Key Capabilities & Features
- Domain Expertise: Excels in technical question answering and explanations across core petroleum engineering subdomains, including drilling, reservoir, production, completions, EOR, well testing, and petroleum geoscience.
- Instruction-Tuned: Designed to provide precise, technically accurate answers, often including equations, units, and practical considerations, making it suitable as a study aid or engineering decision-support tool.
- Lightweight & Fast: Positioned as a lightweight, fast-inference variant within the Naija-Petro family, ideal for integration into retrieval-augmented generation (RAG) systems.
- Training Data: Fine-tuned on synthetic data generated from a comprehensive scraped corpus including arXiv, Semantic Scholar, OpenAlex, Crossref, DOE/OSTI, PetroWiki, SLB glossary, and EIA.
Use Cases & Limitations
Good for:
- Direct technical question answering and explanation in petroleum engineering.
- Serving as a backbone for retrieval-augmented assistants, especially when paired with the Naija-Petro RAG system for Nigeria-specific facts.

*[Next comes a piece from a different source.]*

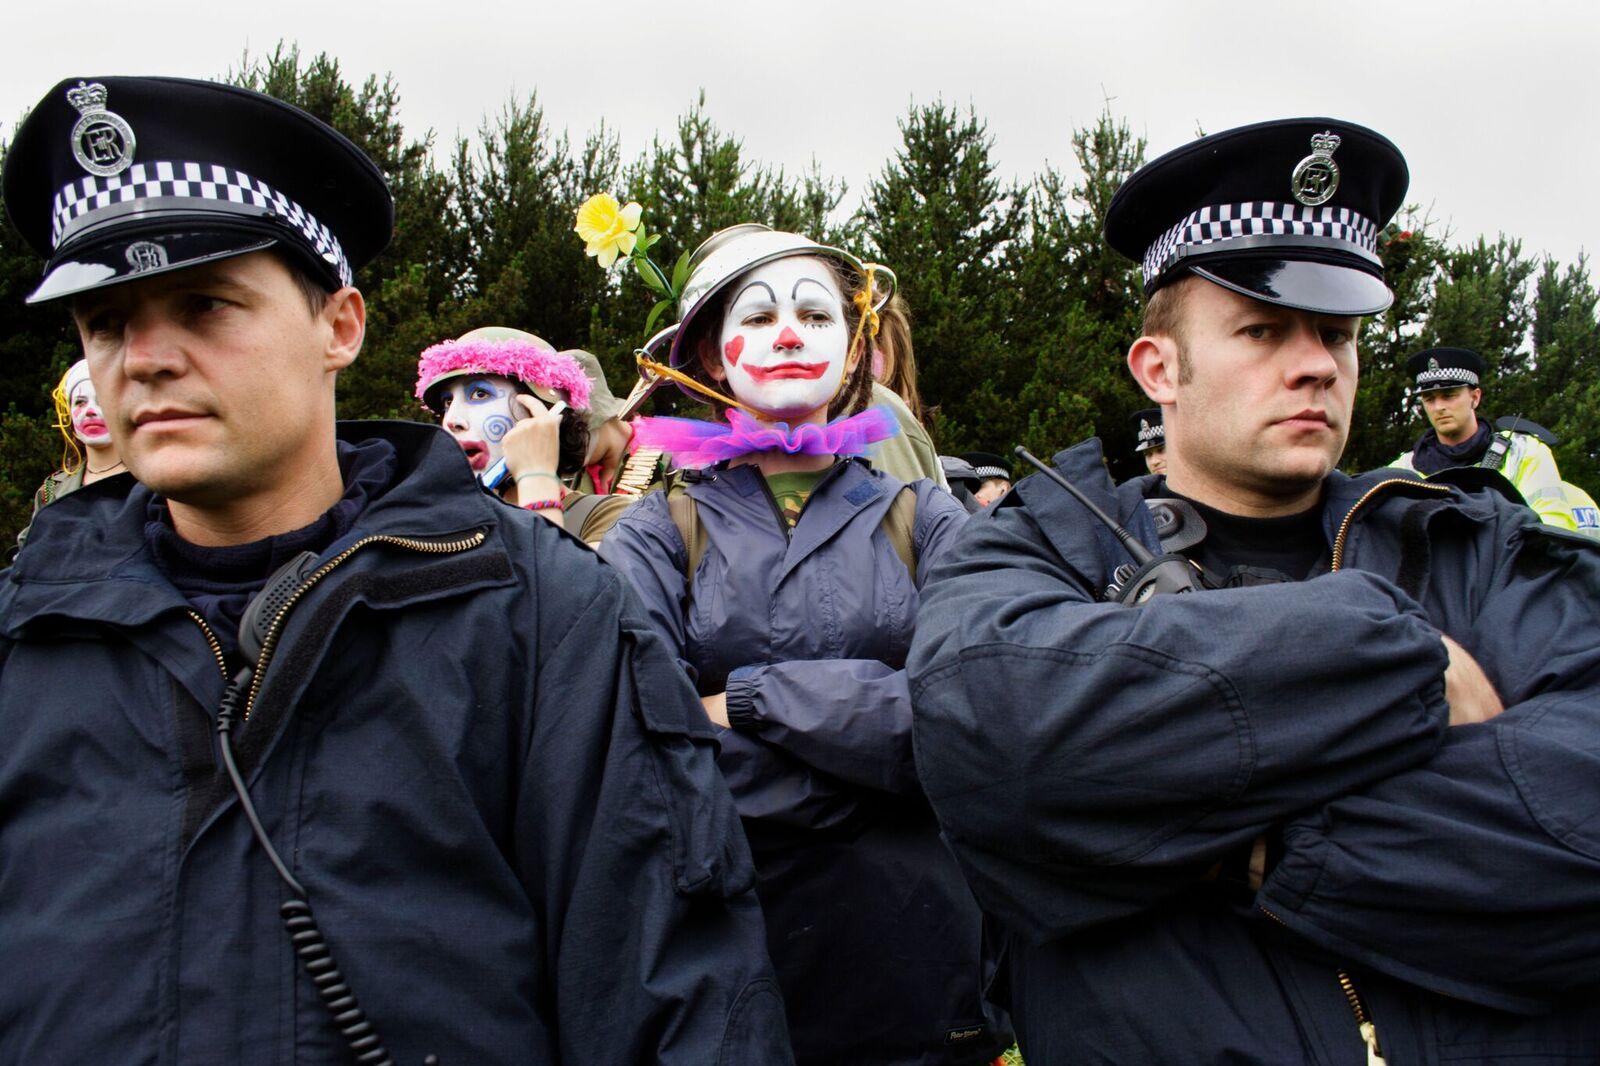 The Clandestine Insurgent Rebel Clown Army, eli CIRCA tunnetaan myös nimellä Clown Army. Tässä klovnit osallistuvat G8-kokouksen yhteydessä käytävään keskusteluun Kuva: Ian Teh

- Further domain-specific fine-tuning or model distillation.
Important Considerations:
- The model's knowledge is primarily based on general/global petroleum knowledge. For Nigeria-specific regulations or economics, it should be used with a RAG system.
- Trained on synthetic data, it may occasionally "hallucinate" or be confidently wrong, particularly on numerical specifics. Outputs should always be validated by qualified engineers and primary sources.
- It is not intended for autonomous operational, safety-critical, or financial decisions, nor as a substitute for licensed engineering judgment.